→ **Raw data**:
────────────────────
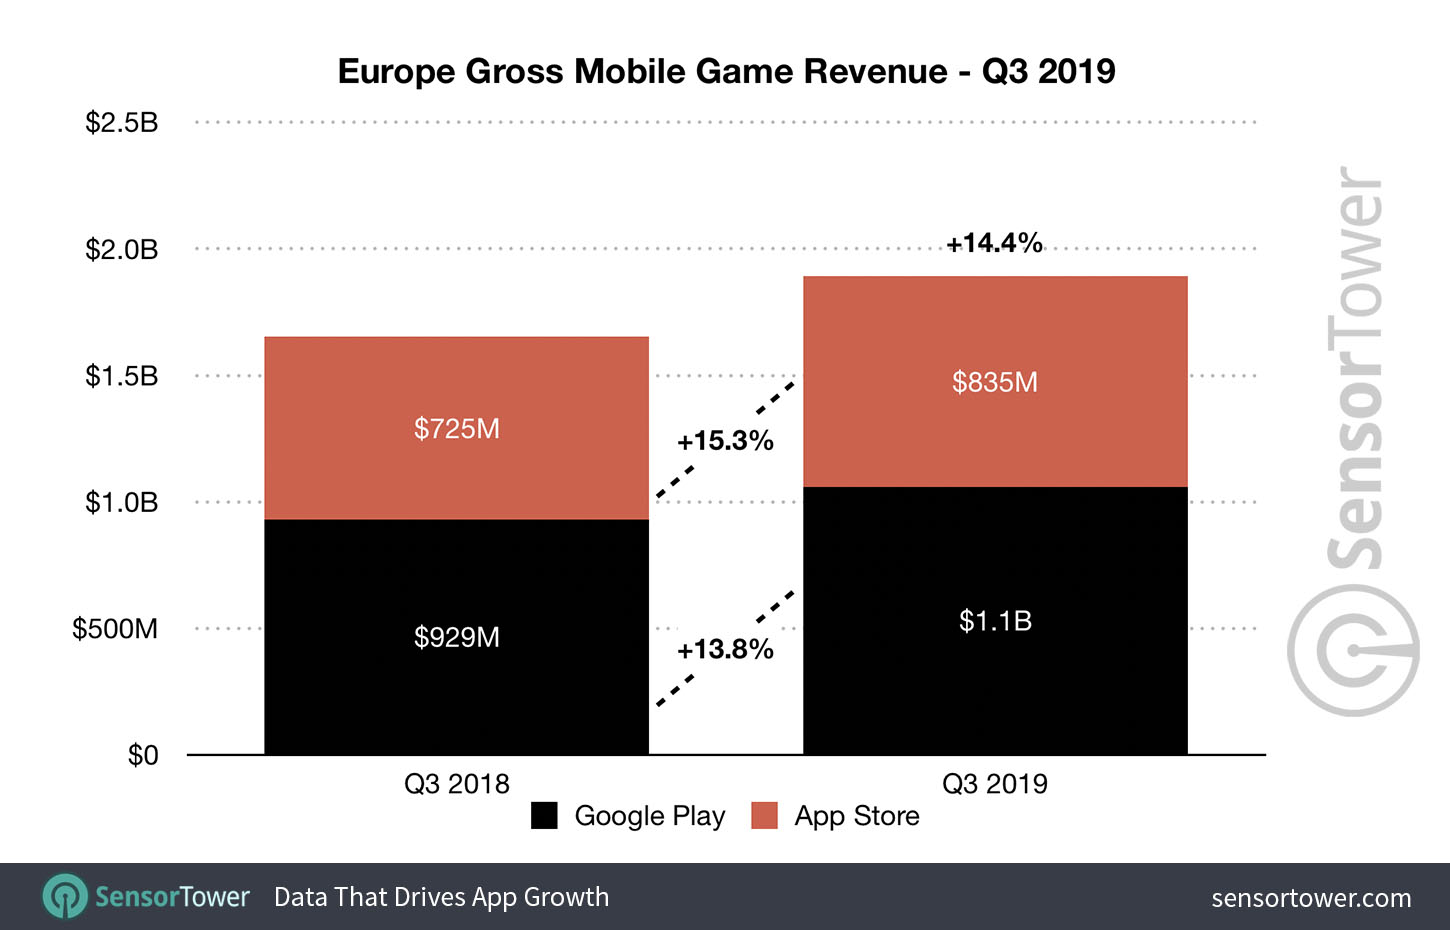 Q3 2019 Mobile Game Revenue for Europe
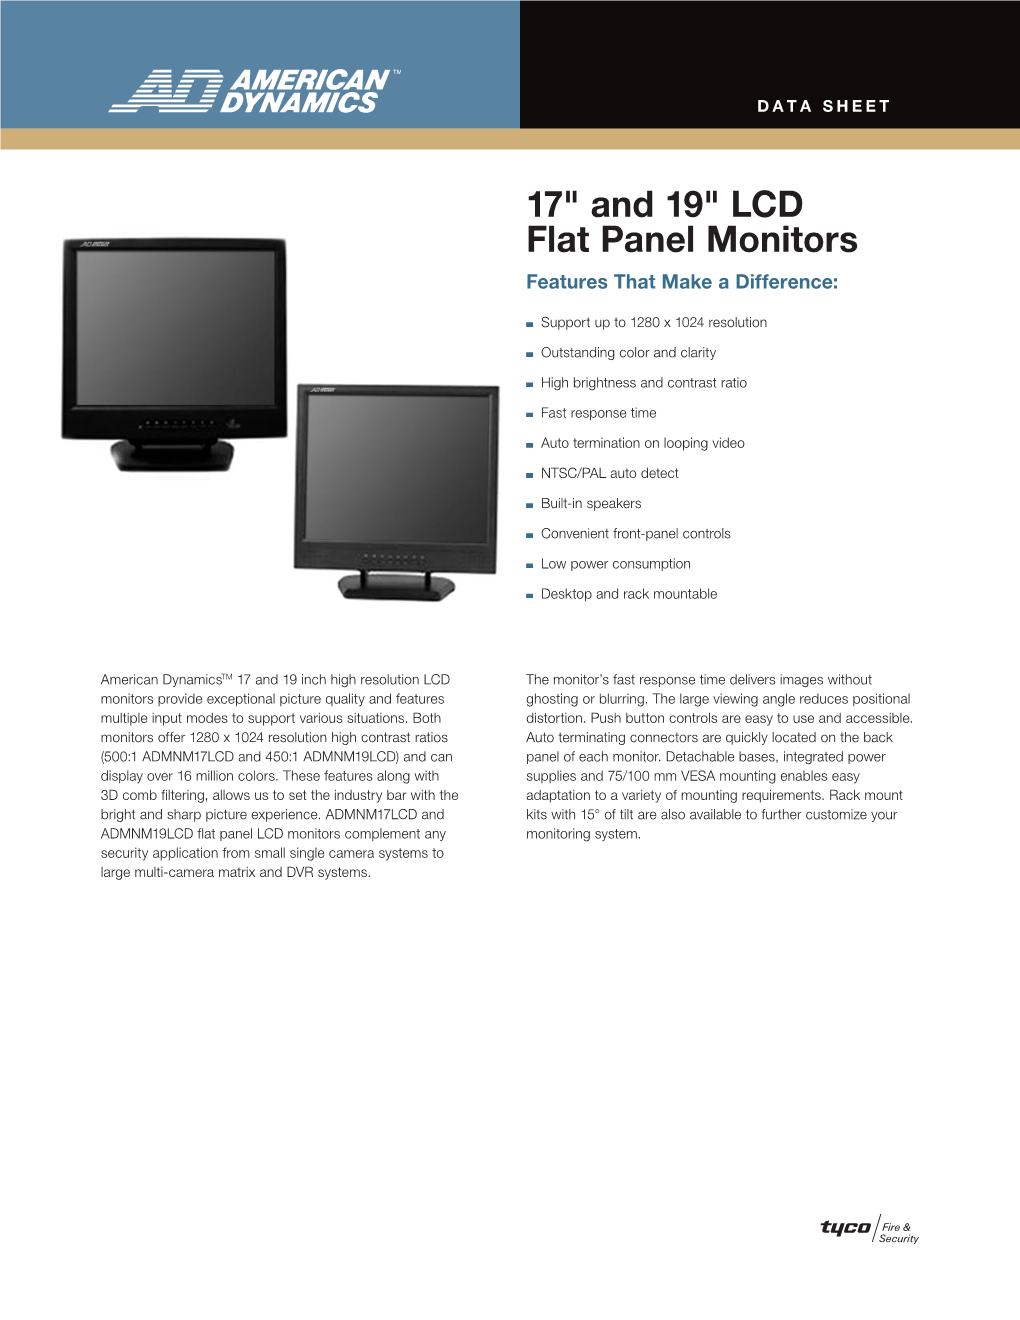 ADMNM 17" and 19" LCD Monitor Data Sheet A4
────────────────────
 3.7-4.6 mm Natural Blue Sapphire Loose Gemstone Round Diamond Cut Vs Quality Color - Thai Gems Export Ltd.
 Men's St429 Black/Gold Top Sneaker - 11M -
────────────────────
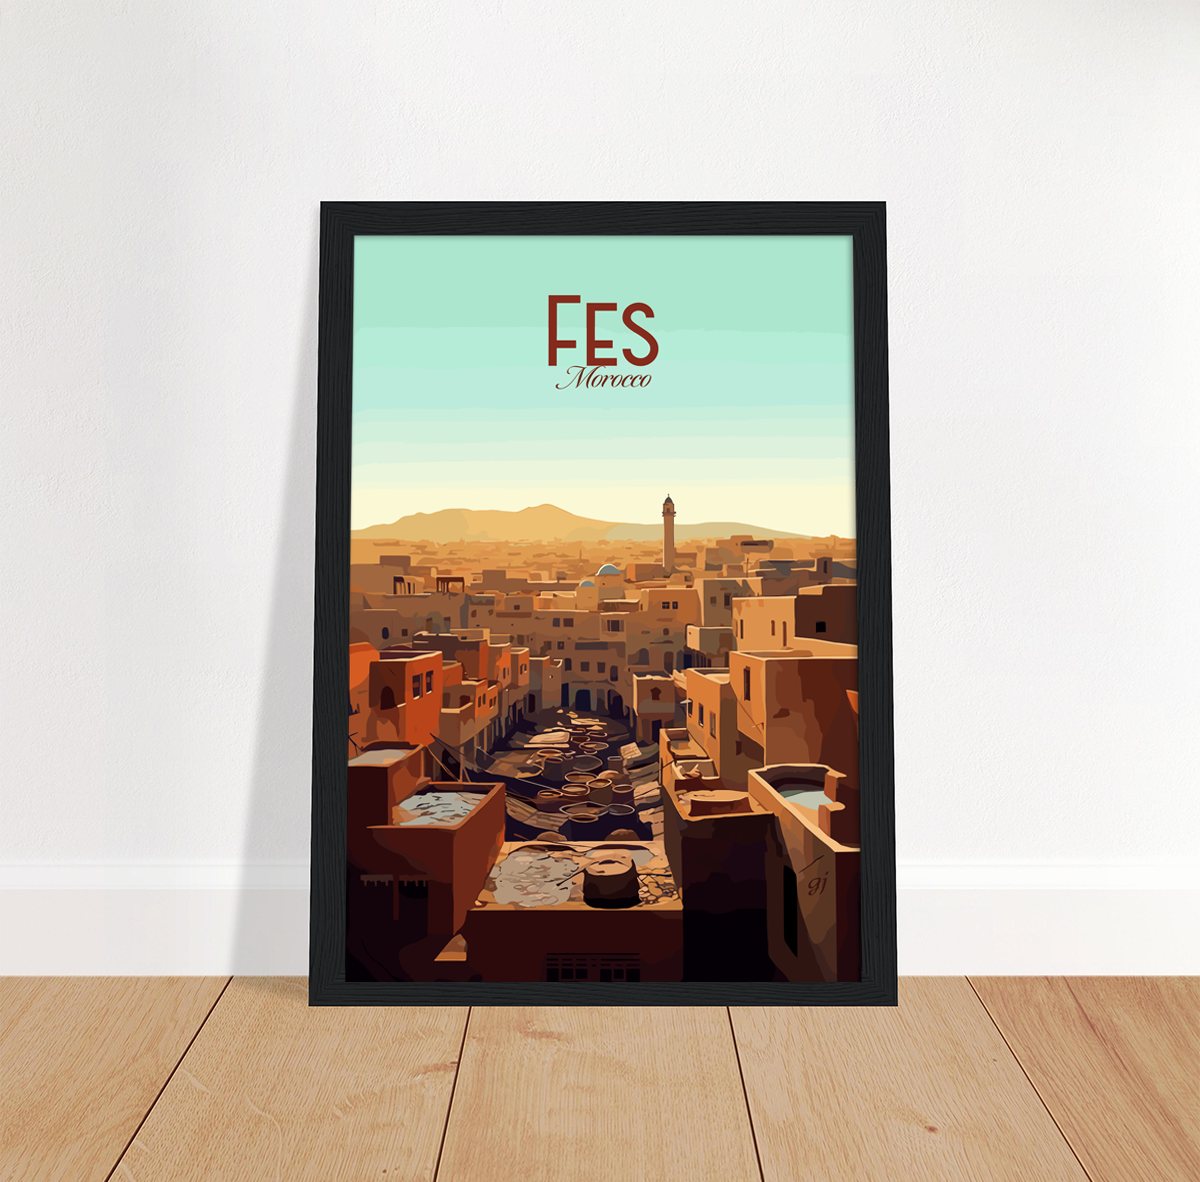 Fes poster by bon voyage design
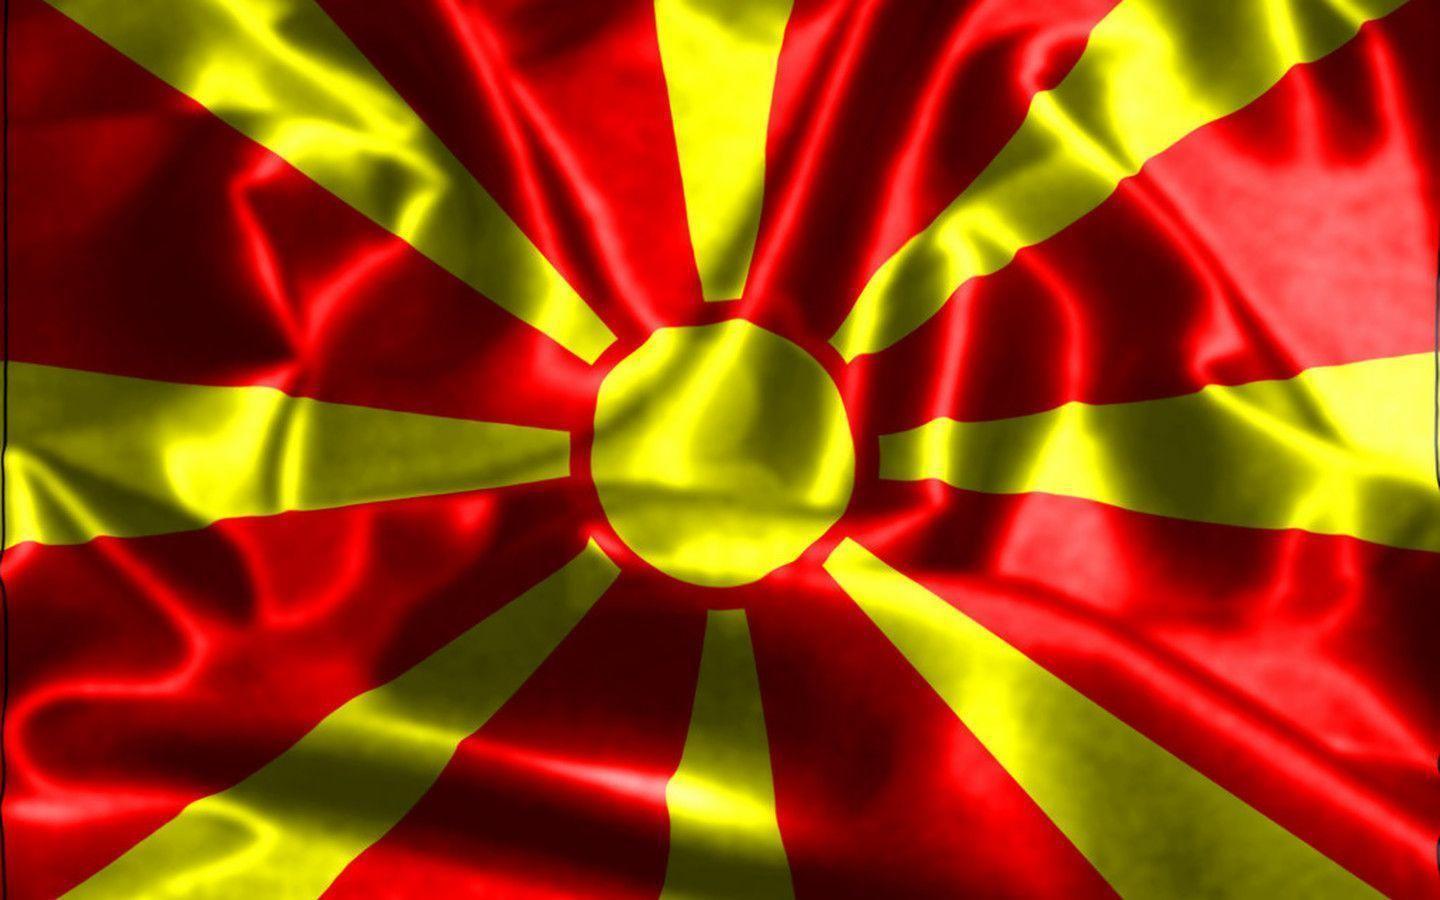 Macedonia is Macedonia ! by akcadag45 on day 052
────────────────────
→ **About this task**:
Beginning with the line above that contains "Q3 2019 Mobile Game Revenue for Europe" and finishing with the line that contains "Data Sheet A4", print those lines exactly and only. Skip all pictures.

→ **Response to the task**:
 Q3 2019 Mobile Game Revenue for Europe
 ADMNM 17" and 19" LCD Monitor Data Sheet A4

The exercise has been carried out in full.